Some credit scoring models may use a slightly different range, but higher scores are always better. In general, credit scores fall in the following range:

  • Above 750: excellent credit
  • 700–750: good credit
  • 650–700: fair credit
  • 600–650: bad credit
  • Below 600: poor credit

A FICO Score and a VantageScore

A FICO score is the most commonly used credit score and helps lenders to make smarter, quicker decisions about who they loan money to. It also helps people obtain fair and fast access to credit when they need it. FICO Scores are calculated based on your credit information. You have the ability to influence your score by paying bills on time, not carrying too much debt, and making smart credit choices.

Another number that banks and credit card companies look at is your VantageScore. VantageScore is used as a risk score that helps lenders to determine your creditworthiness.
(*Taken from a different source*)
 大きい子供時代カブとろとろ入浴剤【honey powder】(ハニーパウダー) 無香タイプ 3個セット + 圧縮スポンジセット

This rating system is less influential and was developed by the three major credit bureaus (Experian, TransUnion, and Equifax).
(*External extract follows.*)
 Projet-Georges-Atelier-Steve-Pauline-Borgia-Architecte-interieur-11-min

Breakdown of Your Credit Score

The apparent culprits that can drag your credit score down include not paying your bills on time, judgments or collections, and high debt levels.

Payment history (35%)

Payment history on loans and credit cards, including the number and severity of late payments.

Amounts owed (30%)

If you are using a high percentage of your available credit, this may indicate that you are overextended—banks can interpret this to mean that you may be at a higher risk of default on your loan.
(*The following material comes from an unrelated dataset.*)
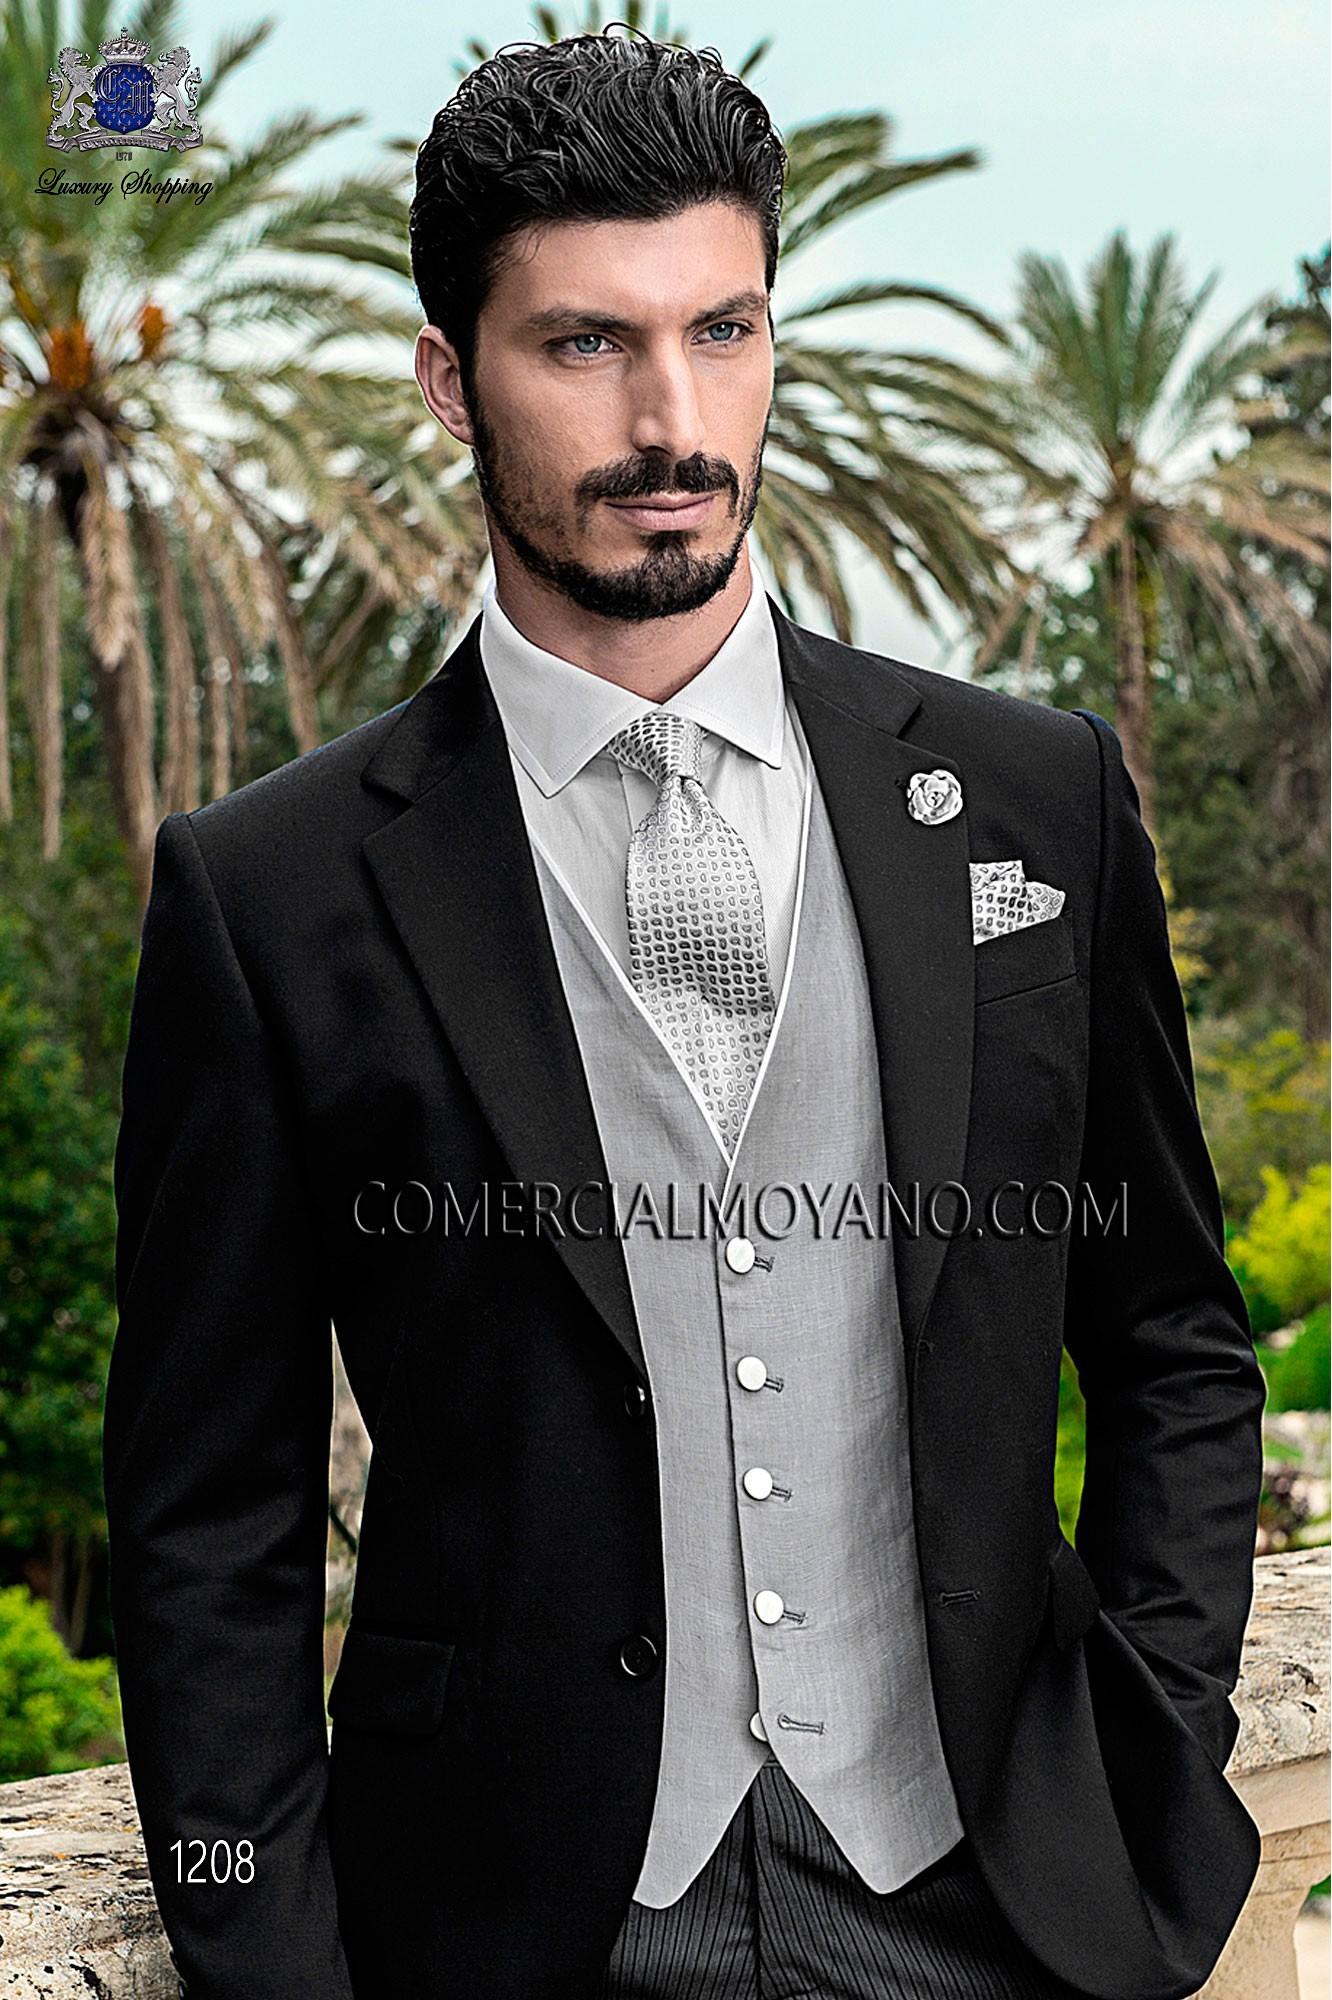 Traje Gentleman de novio negro modelo: 1208 Ottavio Nuccio Gala colección Gentleman

Length of credit history (15%)

Longer credit history increases your scores. However, even people who have not been using credit for long may have high scores, depending on how the rest of their credit report looks.

Credit mix (10%)

Your score will consider your mix of credit cards, retail accounts, installment loans, finance company accounts, and mortgage loans.

New credit (10%)

Try not to open too many accounts within a short period of time. This can represent greater risk—especially for those who do not have an established credit history.

Getting Your Credit Score

You can order your credit score—which is based on information from your credit report—from a variety of sources. Some banks, credit unions, and credit card issuers make your credit score available to you either on your billing statement or online. You can also purchase your full credit report from any of the major credit bureaus at any time—Equifax, Experian, and TransUnion. These bureaus also provide one free credit report per year.